To change where reports land, supply `--output-dir /path/to/reports`. When omitted the CLI writes to `dspy_file/data/` next to the module. Every run prints the active model name and the resolved output directory before analysis begins so you can confirm the environment at a glance. For backwards compatibility the installer also registers `dspy-file-teaching` as an alias.

Each analyzed file is saved under the chosen directory with a slugged name (e.g. `src__main.teaching.md` or `src__main.refactor.md`). If a file already exists, the CLI appends a numeric suffix to avoid overwriting previous runs.

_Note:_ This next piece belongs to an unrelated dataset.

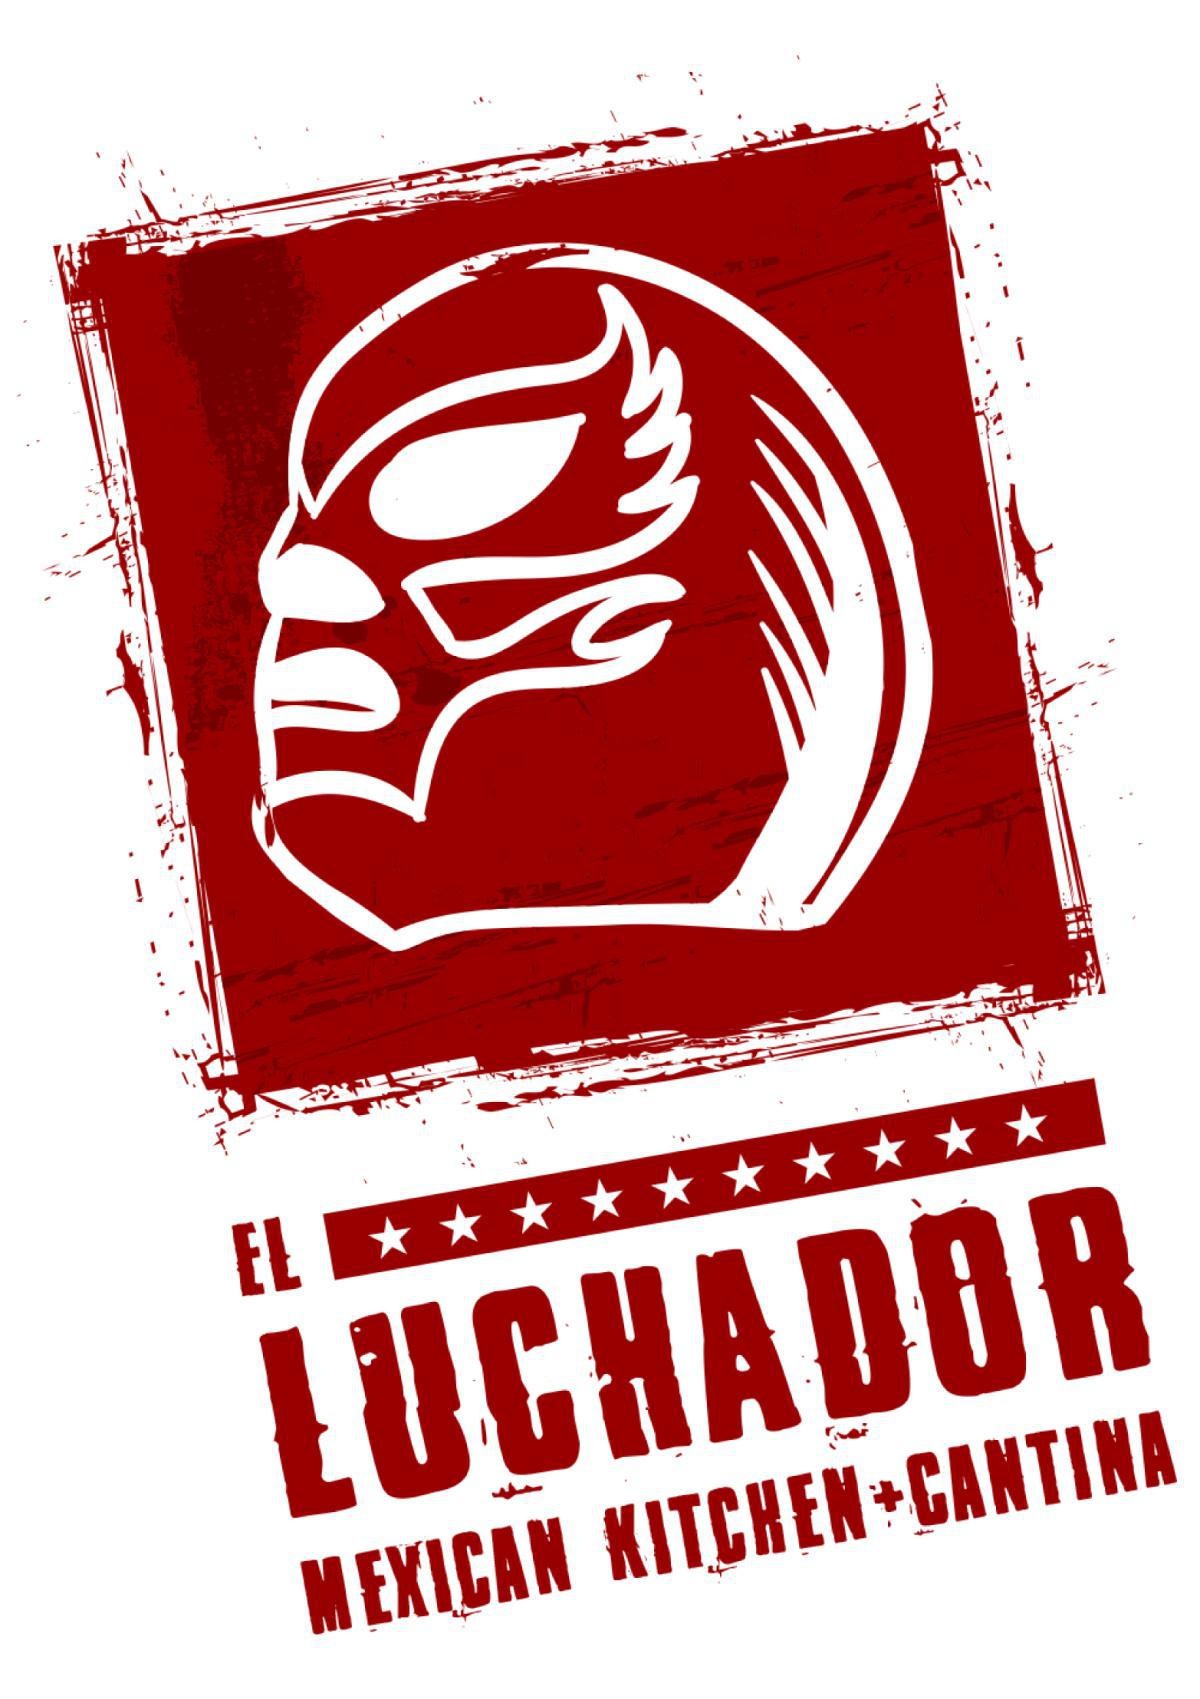 El Luchador Mexican Kitchen + Cantina @ Blue Diamond Rd.

The generated brief is markdown that mirrors the source material:

- Overview paragraphs for quick orientation
- Section-by-section bullets capturing the narrative
- Key concepts, workflows, pitfalls, and references learners should review
- A `dspy.Refine` wrapper keeps retrying until the report clears a length reward (defaults scale to ~50% of the source word count, with min/max clamps), so the content tends to be substantially longer than a single LM call.
- If a model cannot honour DSPy's structured-output schema, the CLI prints a `Structured output fallback` notice and heuristically parses the textual response so you still get usable bullets.

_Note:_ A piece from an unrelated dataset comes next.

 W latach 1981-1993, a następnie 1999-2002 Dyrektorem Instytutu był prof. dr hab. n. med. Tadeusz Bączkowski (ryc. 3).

Behind the scenes the CLI:

1. Loads environment variables via `python-dotenv`.
2. Configures DSPy with the provider selected via CLI or environment variables (Ollama by default).
3. Resolves all requested files, reads contents, runs the DSPy `FileTeachingAnalyzer` module, and prints a human-friendly report for each.
4. Persists each report to the configured output directory so results are easy to revisit.
5. Stops the Ollama model when appropriate so local resources are returned to the pool.

### Extending

- Adjust the `TeachingReport` signature or add new chains in `dspy_file/file_analyzer.py` to capture additional teaching metadata.
- Customize the render logic in `dspy_file.file_helpers.render_prediction` if you want richer CLI output or structured JSON.
- Tune `TeachingConfig` inside `file_analyzer.py` to raise `max_tokens`, adjust the `Refine` word-count reward, or add extra LM kwargs.
- Add more signatures and module stages to capture additional metadata (e.g., security checks) and wire them into `FileAnalyzer`.

---

## Releasing

Maintainer release steps live in [docs/RELEASING.md](docs/RELEASING.md).

## Troubleshooting

- If the program cannot connect to Ollama, verify that the server is running on `http://localhost:11434` and the requested model has been pulled.
- When you see `ollama command not found`, ensure the `ollama` binary is on your `PATH`.
- For encoding errors, the helper already falls back to `latin-1`, but you can add more fallbacks in `file_helpers.read_file_content` if needed.